_Source data_:
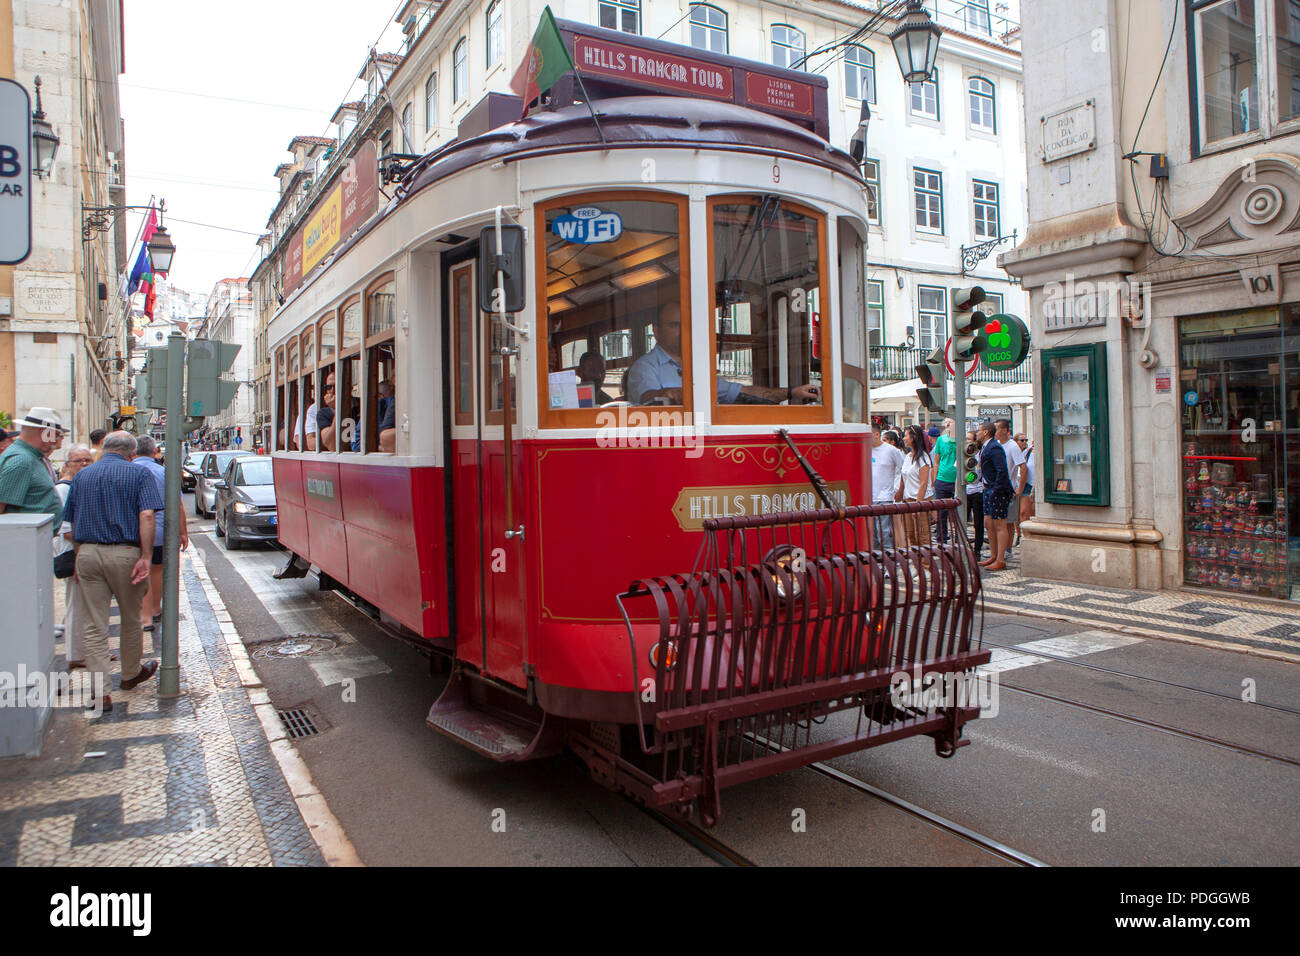 Tranvía de Lisboa en el barrio de la Alfama, en Lisboa, Portugal. Foto de stock
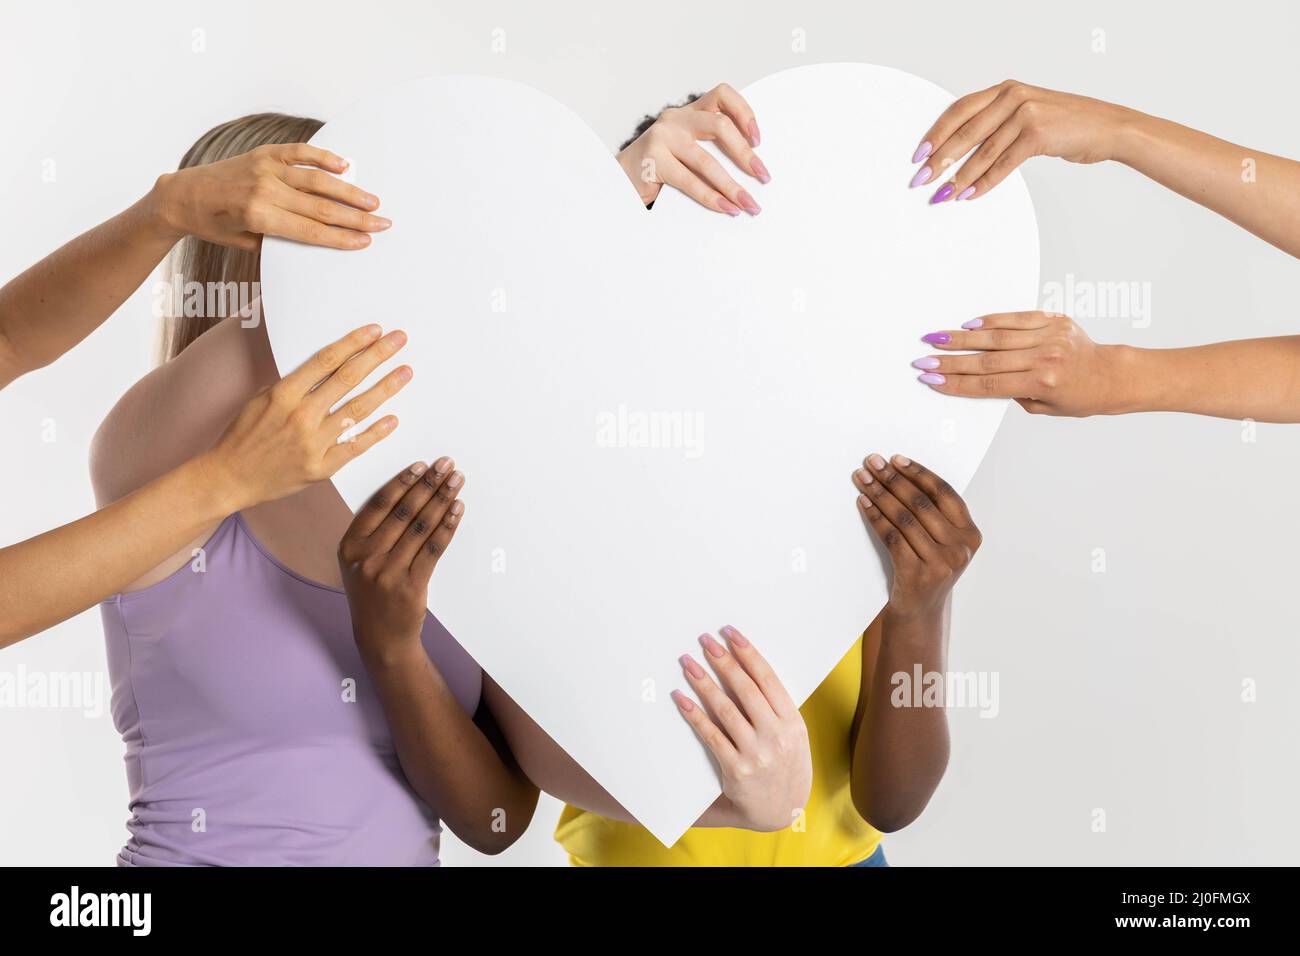 Un grand coeur blanc tenu par huit mains colorées de différentes nations et races. Beaucoup de courses mais un cœur pur commun. Banque D'Images
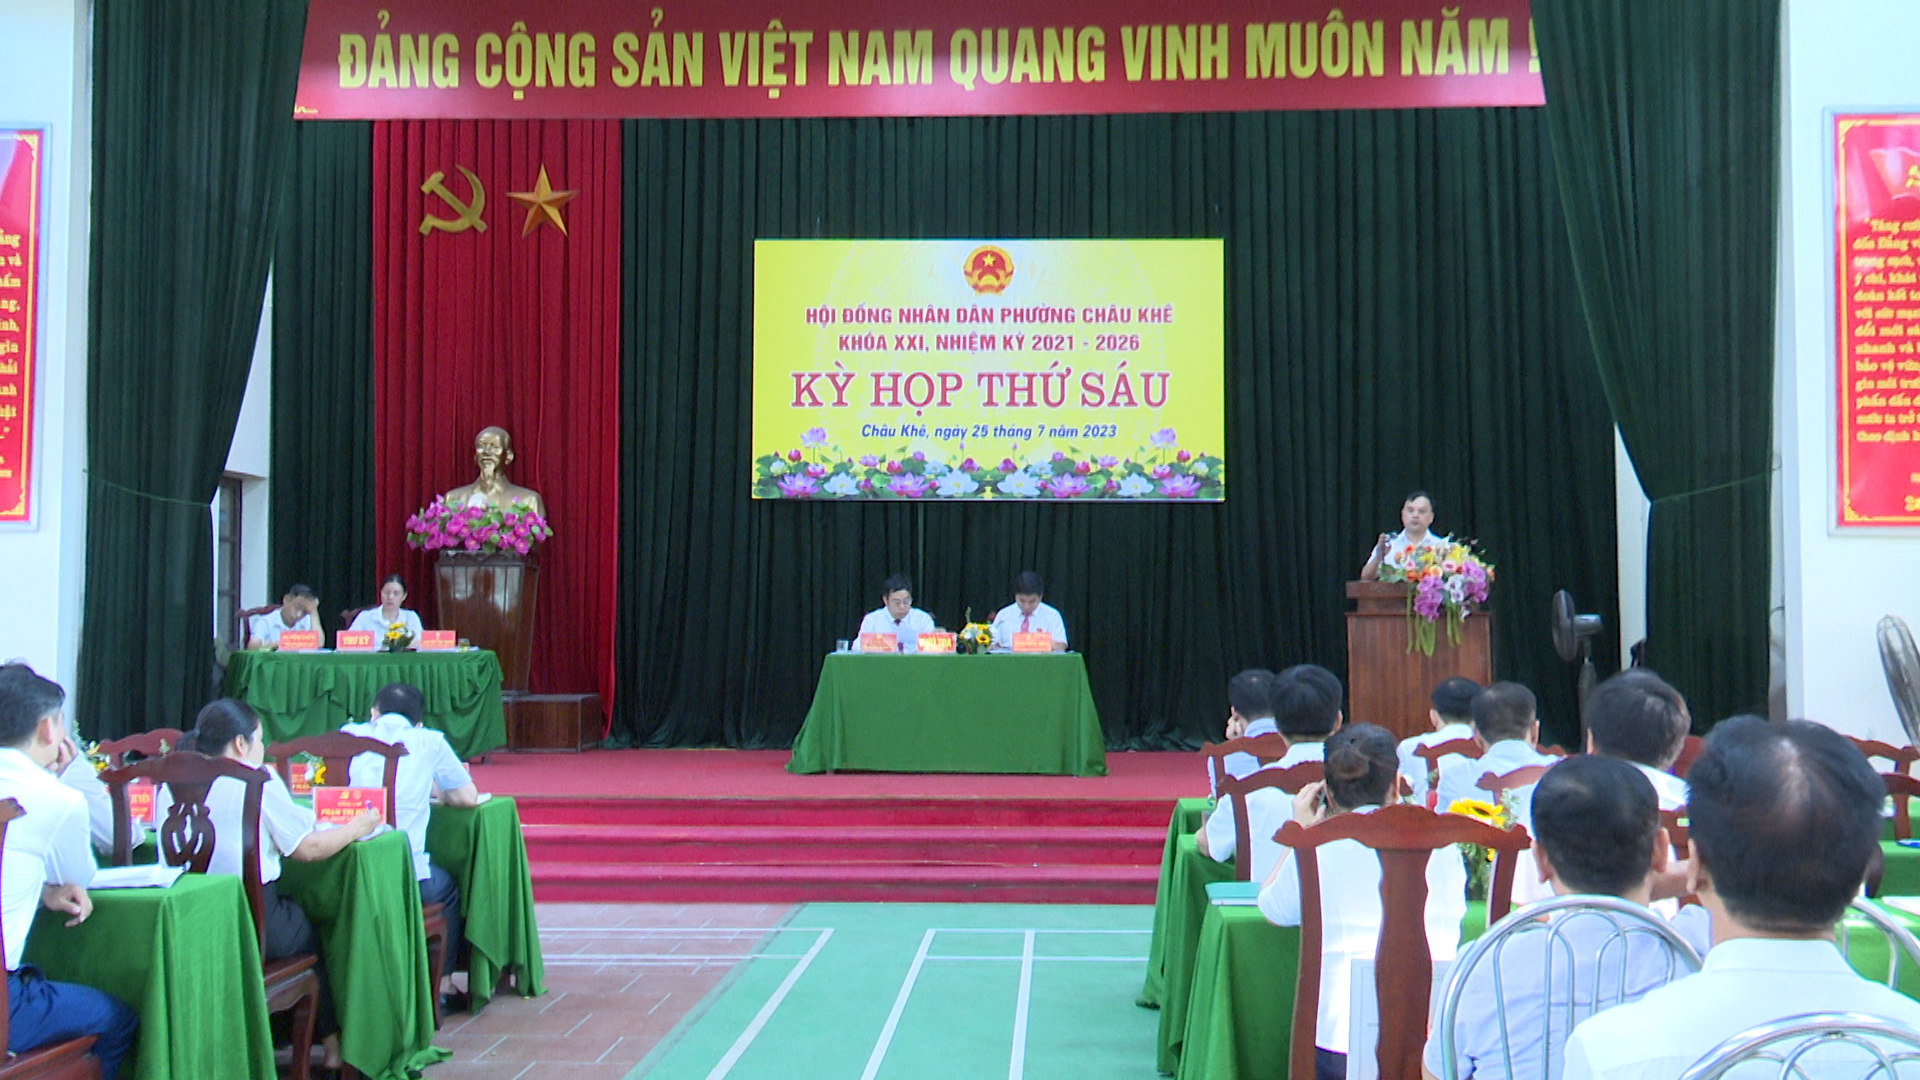 HĐND phường Châu Khê khóa XXI tổ chức kỳ họp thứ 6

_Task item_: Exactly as written, restate all of the data, leaving out the images.

_Exercise answer_:
 Tranvía de Lisboa en el barrio de la Alfama, en Lisboa, Portugal. Foto de stock
 Un grand coeur blanc tenu par huit mains colorées de différentes nations et races. Beaucoup de courses mais un cœur pur commun. Banque D'Images
 HĐND phường Châu Khê khóa XXI tổ chức kỳ họp thứ 6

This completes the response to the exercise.